Although the instrumentals are complicated, most tracks (especially the fast-paced ones) are easy to become familiar with and are instantly likeable. A lot of the songs contain collaborative vocals, which add a sense of community to the music. This is especially true in “Loving You,” “Good Times,” and “Walls Like Windows.” After seconds of listening to them, it is clear that these tracks will be the album’s highlights.

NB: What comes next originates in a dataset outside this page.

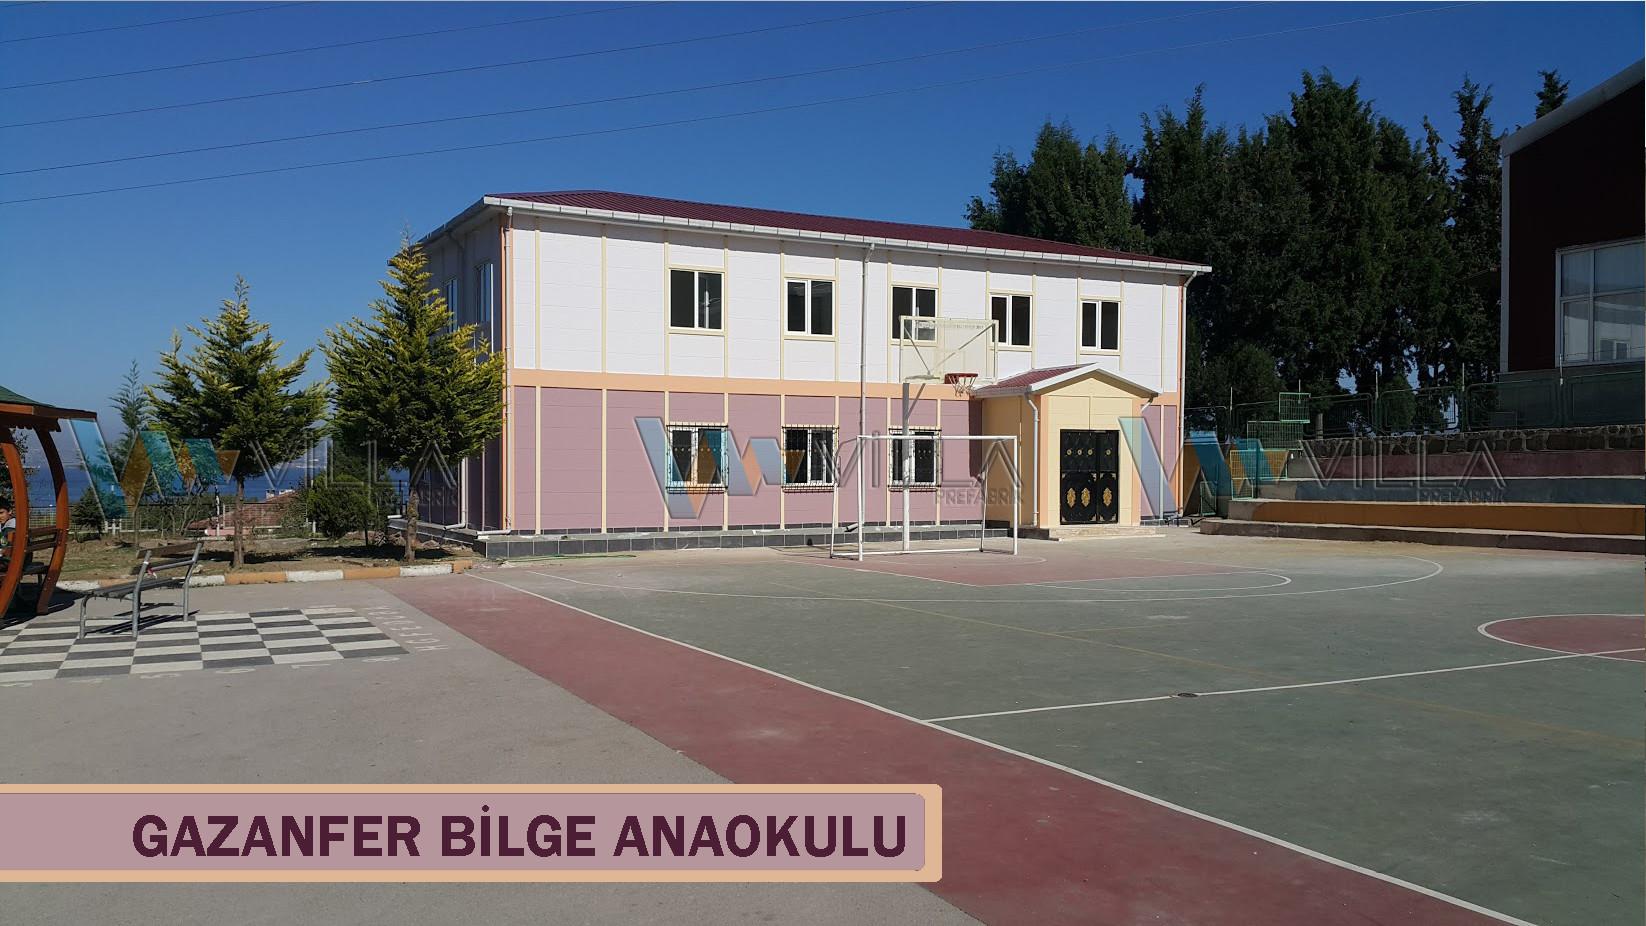 GAZANFER BİLGE ANAOKULU

While the slow-paced tracks contain the same complex instrumentals as the fast-paced tracks, they often contain repetitive and mundane lyrics; sadly, this can detract from the beauty of the music. However, there are two notable exceptions. “Laura Lee” is truly great. With guitar as the primary instrument, “Laura Lee” provides a nice change of pace from the influx of strings and piano that is present on the majority of the album. “Ophelia” is equally enjoyable, as every aspect of the song is beautiful.
Unfortunately, one of the best songs on the album, “Never Change,” just does not fit. Costa’s distinct voice is not even recognizable. This charming song could have been transported from a 1960’s folk album; no other song shares this quality. Therefore, its greatness is overshadowed by its lack of cohesion with the rest of the songs.
Matt Costa is Matt Costa’s fourth LP. It is unique for an artist to release a self-titled album so late in their career. However, self-titling this album is completely justified as this album excellent and displays Costa’s depth as a musician.